I suspect that the routine use of wearable data by the medical establishment will closely parallel that of genomic data: everyone will agree that it’s interesting, and represents an area that should be followed closely, but relatively few pioneers will actually jump in, and really start collecting data and figuring out how all this works; the return on investment will be hard to define, the uncertainty viewed as too high.
It wouldn’t surprise me if many of the same innovators that are early adopters of genomics (e.g. pursue whole genome sequencing on an ambitious scale) will be also be the earliest adopters of data from wearables, with the idea that the combination of rich genotype plus rich phenotype is likely to be an important source of insight (again, keep in mind that I work at a genomic data company). Within pharma, I’d suspect many of the largest companies (playing not to lose) will pursue lightly-resourced exploratory projects in this area, while companies I’ve called mid-size disruptors are more likely to take a real run at this, as part of a more confident and aggressive strategy of playing to win.

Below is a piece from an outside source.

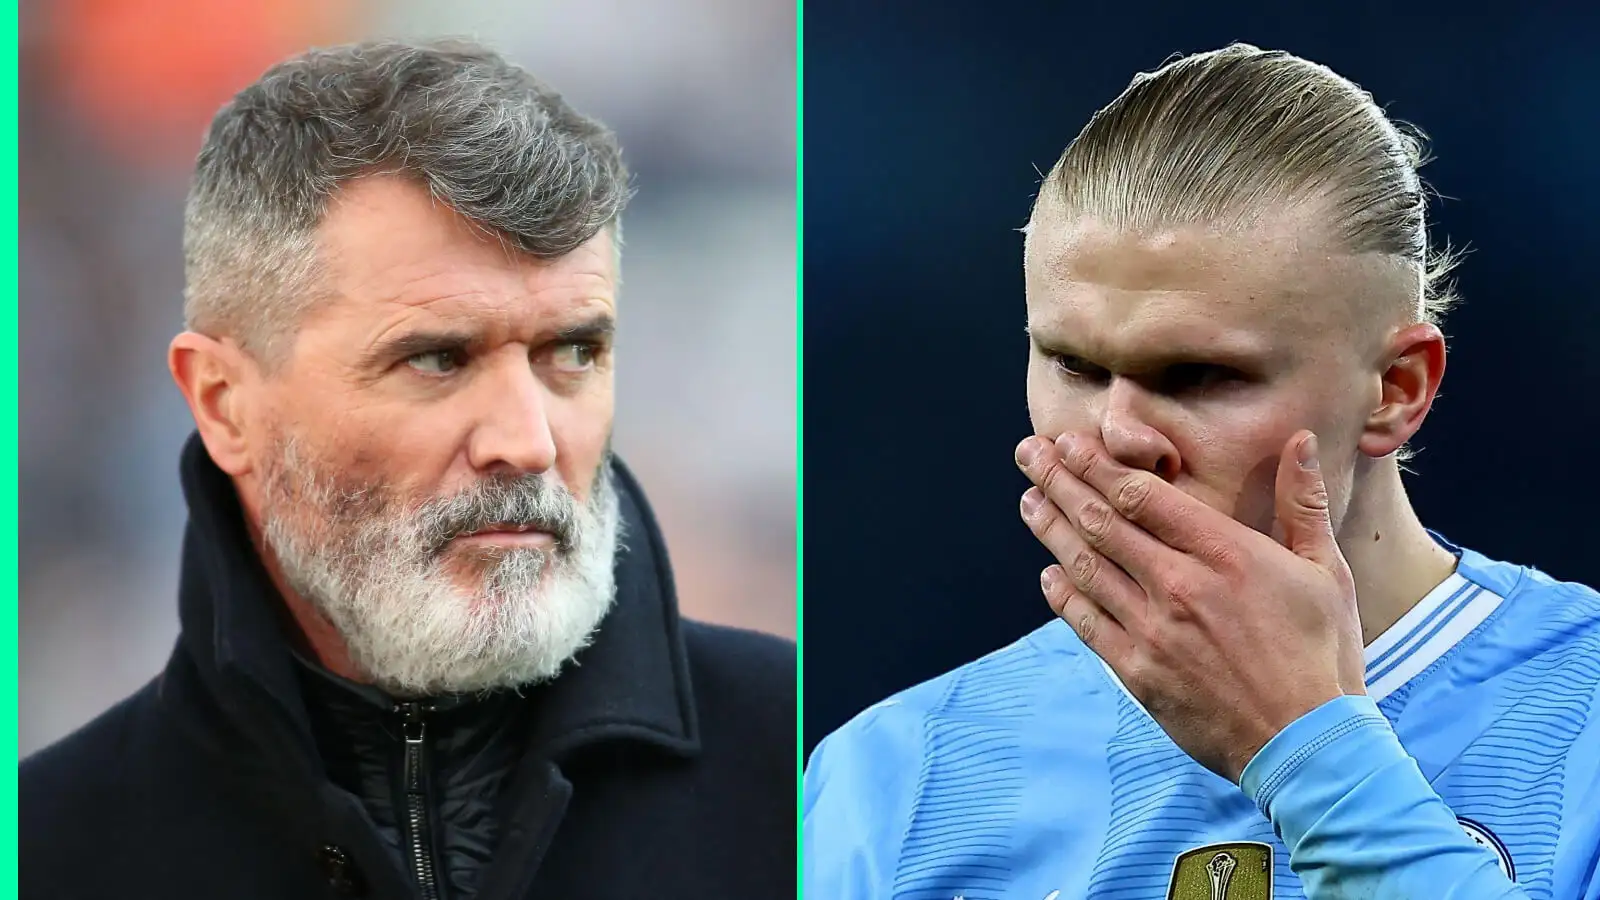 Roy Keane destroys Erling Haaland with brutal put-down, as Micah Richards reveals major red flag after Man City, Arsenal draw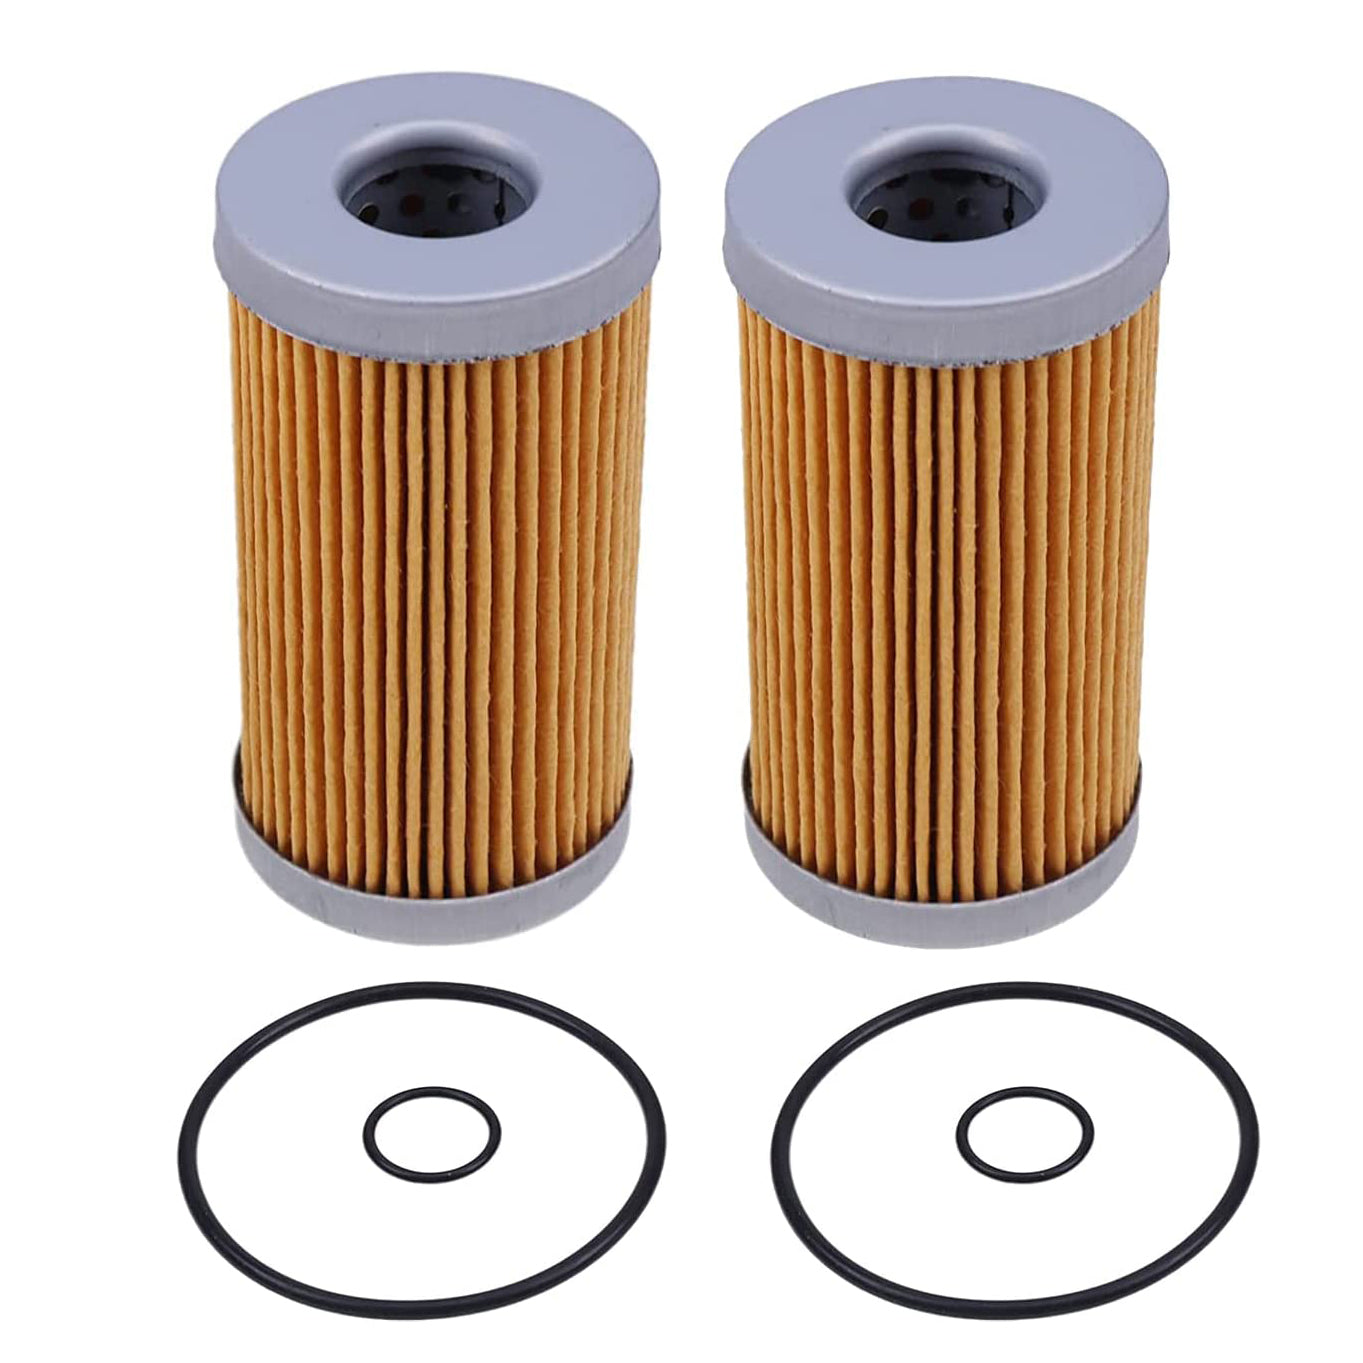 2X New Fuel Filter with O-ring Compatible with Mitsubishi/ SATOH MT20 MT1401

I’m obviously a passionate and long-time believer in the value of collecting and colliding large volumes of data, but I also recognize that this remains largely an unproven proposition, and I can understand why anxious administrators, prudent physicians, cautious corporations, and sensible investigators might prefer to place their bets elsewhere at the moment, deciding it’s still too early to jump in.
The skeptics may be right – but they may also arrive late to an amazing scientific party.